Preconception Health and Health Care–(something to think about even if you’re not planning a pregnancy!)

THIS ARTICLE HAS BEEN EDITED SINCE ITS ORIGINAL POSTING DUE TO THE SPREAD OF ZIKA VIRUS. FOR CURRENT CDC RECOMMENDATIONS ABOUT ZIKA VIRUS AND FOREIGN TRAVEL–INCLUDING RECOMMENDATIONS FOR PREGNANT WOMEN–CLICK HERE.

First things first–why did I add the subtitle? Every woman can benefit from most of these recommendations even if her pregnancy plans are uncertain or a long way off. Preconception health care focuses on improving wellness, now and for life.  Keep in mind as well that about half of pregnancies in the United States are not planned.
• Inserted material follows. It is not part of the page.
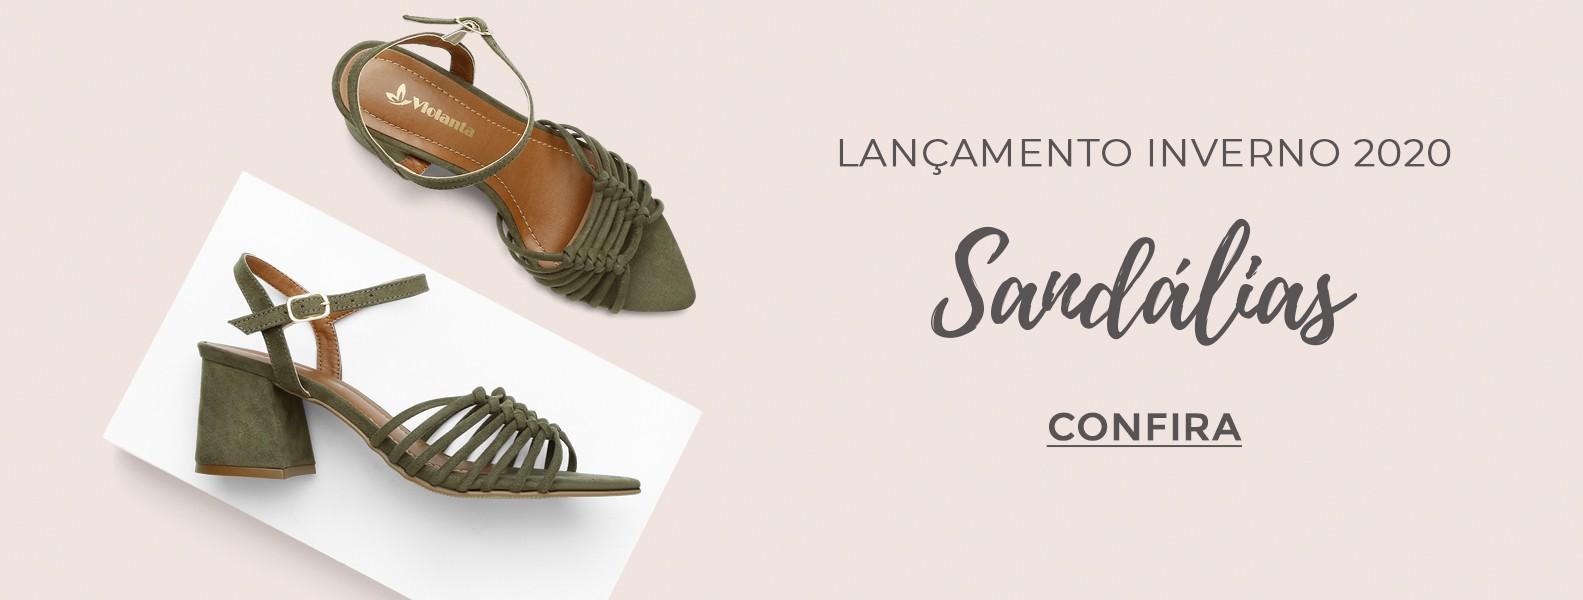 Lançamento sandálias

Your annual well-woman visit is a good time to begin this discussion with your doctor. Think carefully about your life goals and plans. If pregnancy is not your intention, we will help you consider your birth control options including long-acting reversible contraception.

So what does preconception health care involve?

  • We will discuss how your overall health fits into your future plans. Medical conditions like STDs, diabetes, high blood pressure, thyroid disease, and others need to be well controlled. Your family health history is also important. Family history tells us whether you are at higher risk for certain health problems and whether your child may have higher risk for an inherited condition. If your family history is significant, genetic counseling can help you understand the risk.
  • We will encourage you to make positive decisions about weight management and exercise, smoking cessation, and use of alcohol or other substances. We can refer you to specialists or support resources if any of these presents a significant risk to your long-term good health.
  • We will consider whether your vaccinations are up-to-date. Some vaccination like flu and pertussis (whooping cough) are especially important for pregnant women. Others like HPV and chicken pox should not be taken by anyone who may be pregnant.
  • We will talk about folic acid. Folic acid is a B vitamin that the body requires to make new cells. All women need folic acid each day. Hopefully, you get this from a well-balanced diet, but to be sure, we recommend that reproductive-age women take a multi-vitamin containing 400 mcg of folic acid each day. Getting enough folic acid becomes even more critical for women who may become pregnant. Folic acid helps to prevent certain birth defects of the brain and spine. Having enough folic acid is so important during pregnancy that we recommend you begin taking a daily pre-natal vitamin containing 800 to 1000 mcg of folic acid as soon as you begin trying to become pregnant. If you or a close family member has had a previous pregnancy with a neural-tube defect like spina bifida, the recommendation is 4000 mcg of folic acid daily beginning before conception. Read more from the Centers for Disease Control and Prevention in their “Folic Acid Fact Sheet.”
  • We will consider the prescription medications you may be taking and advise you about their risk during pregnancy. Both prescription and over-the-counter medications, including some herbal and dietary supplements, can be harmful to a developing infant. We encourage you to take only medications that are necessary. You will also want to avoid toxic substances in the environment if you are planning to become pregnant. The CDC provides a brochure “Toxic Matters” that contains good information about environmental toxins.
  • We will make you aware of other health problems, including food-borne illnesses,and communicable diseases like flu and Zika, that present special risks for pregnant women and their babies.
  • We want to discuss any concerns you may have about anxiety, depression, family violence, or other risks to your health or your future pregnancy. We will offer you support and referral to mental health or social services professionals.
  • Finally, we want to consider Dad in our conversation. His overall health is very important to the well-being of the woman and future child in his life. This includes his family medical history, exposure to sexually transmitted illnesses, use of medications, alcohol and other substances, immunization status, and exposure to environmental hazards. Dad’s health also has an impact on your fertility together.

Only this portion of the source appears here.